The Chinese economy posted its weakest rate of growth in three years after 1Q real GDP growth moderated to 8.1%. China PMI for June was in line with expectations at 50.2 compared to 50.4 in May, as released by the National Bureau of Statistic (NBS). It seems that last month’s estimates of economic activity have underestimated the pace of the slowdown in industrial production. The government has stepped up efforts on monetary easing, reducing its policy interest rate by another 31 bp on 8 July on top of the 25 bp cut earlier on 7 June, thereby lowering the prime lending rate to 6%.
The central bank also reduced deposit rates to 3% to mitigate the pressures on banks’ net interest margins. The main reason behind the recent interest rate cut is believed to be the easing of inflationary pressures which have currently lowered the inflation rate to 3.3%. The recent cut in the benchmark interest rate by the central bank has been interpreted as the government’s move to boost economic activity by lowering the cost of borrowing from the banking system in the face of a falling annual inflation rate.

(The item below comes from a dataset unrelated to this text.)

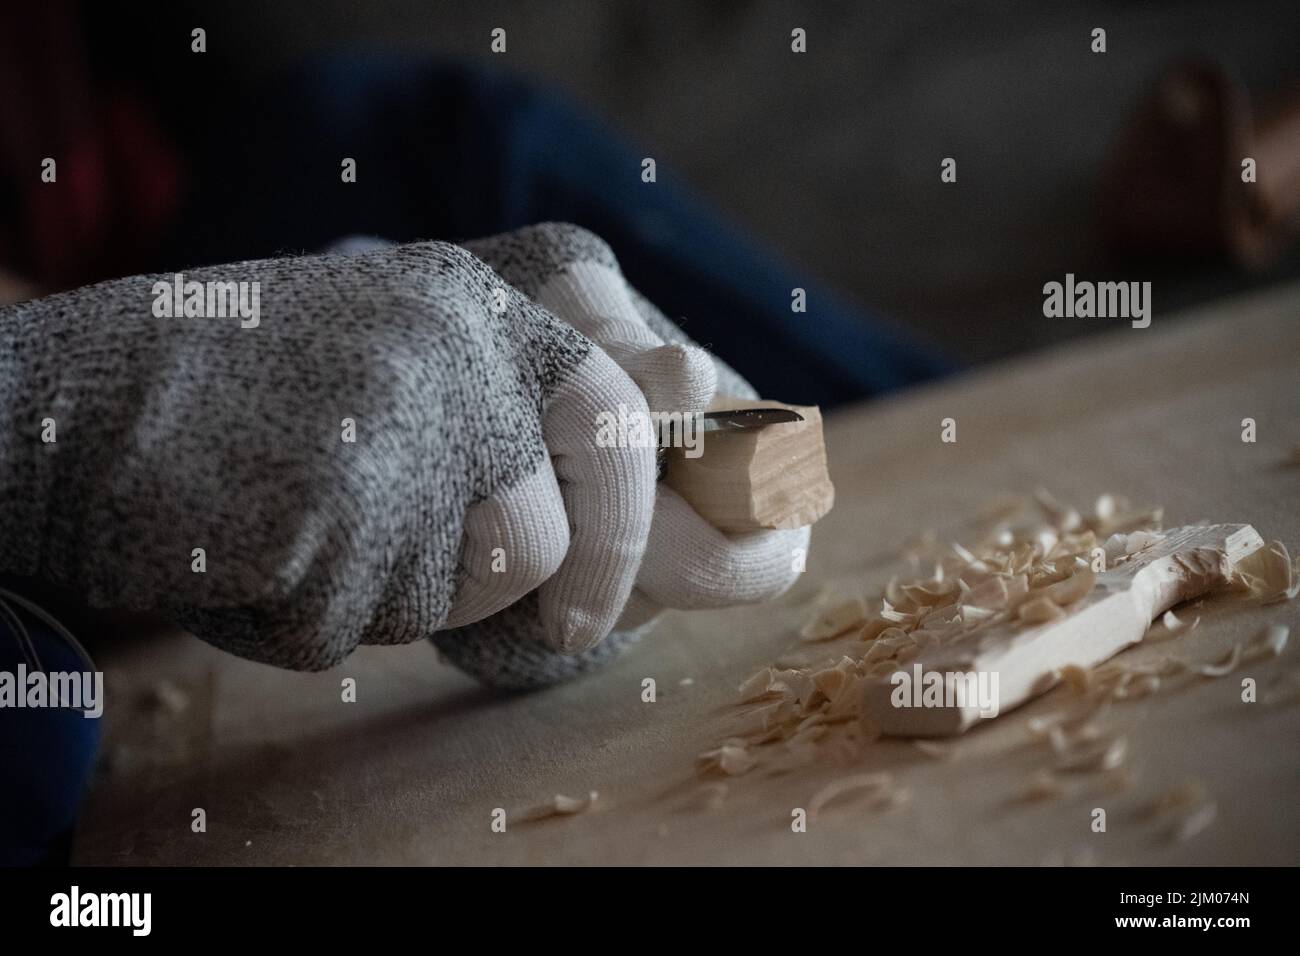 Primo piano di una persona che intagliava il legno con un coltello mentre indossava i guanti Foto Stock

The reserve requirement ratio (RRR) was also reduced by 50 bp effective 18 May. This has been the third reserve ratio cut in six months, in line with the central bank’s statement that targeted action would be taken to ensure stable credit growth. Pressure for an appreciation of the yuan against the US dollar is also expected to ease in 2012, given the downward trend in the country’s recent trade surplus. Looking into the 2H12, the risks associated with China’s economic growth have heightened significantly, mainly driven by the Euro-zone’s economic crisis. Data released for the month of April reveals a broad based slowdown across the economy as industrial production, fixed investment and retail all register weaker growth. With increasing signs of a deceleration of economic growth, the government has intensified its effort to address structural imbalances. Constrained credit demand has brought renewed calls for the government to provide a fiscal stimulus to the economy.
The Chinese government has already taken steps in this direction by increasing its spending by 26% on an annual basis in January-April, above the 12.5% increase in revenue. The government has also been trying to raise its investments in major infrastructure projects. Low unemployment and steady increase in real wages have reduced the imperative to make further interventions. Having brought down inflation in recent months, it might be seen imprudent for the government to overstimulate the economy and thereby risk a return of elevated inflation. Therefore, a dramatic msoftening of fiscal policy seems unlikely unless GDP growth appears to be falling below the government’s comfort zone of around 7-7.5%. We forecast an economic growth of 8.1% for 2012 and 8% for 2013. On the demand side, the fact that finished goods inventories have been rising recently implies weak domestic and external demand. Further declines in new orders — including exports orders — suggest that the Chinese economy still faced downside risk in the near term.
Aside from weak external demand, due mainly to sluggish OECD economic growth, domestic demand has also been growing at a less than expected pace. It appears that the government’s attempts to address the imbalances of high ratios of investment and low ratios of consumption-to GDP need more time to change these ratios to more desirable patterns. Other imbalances such as housing bubbles and externalities generated by high economic growth also have yet to be corrected. The unfavourable corporate environment has been another cause of concern, with corporate profits declining by 2.4% on annual basis in the first five months of the year.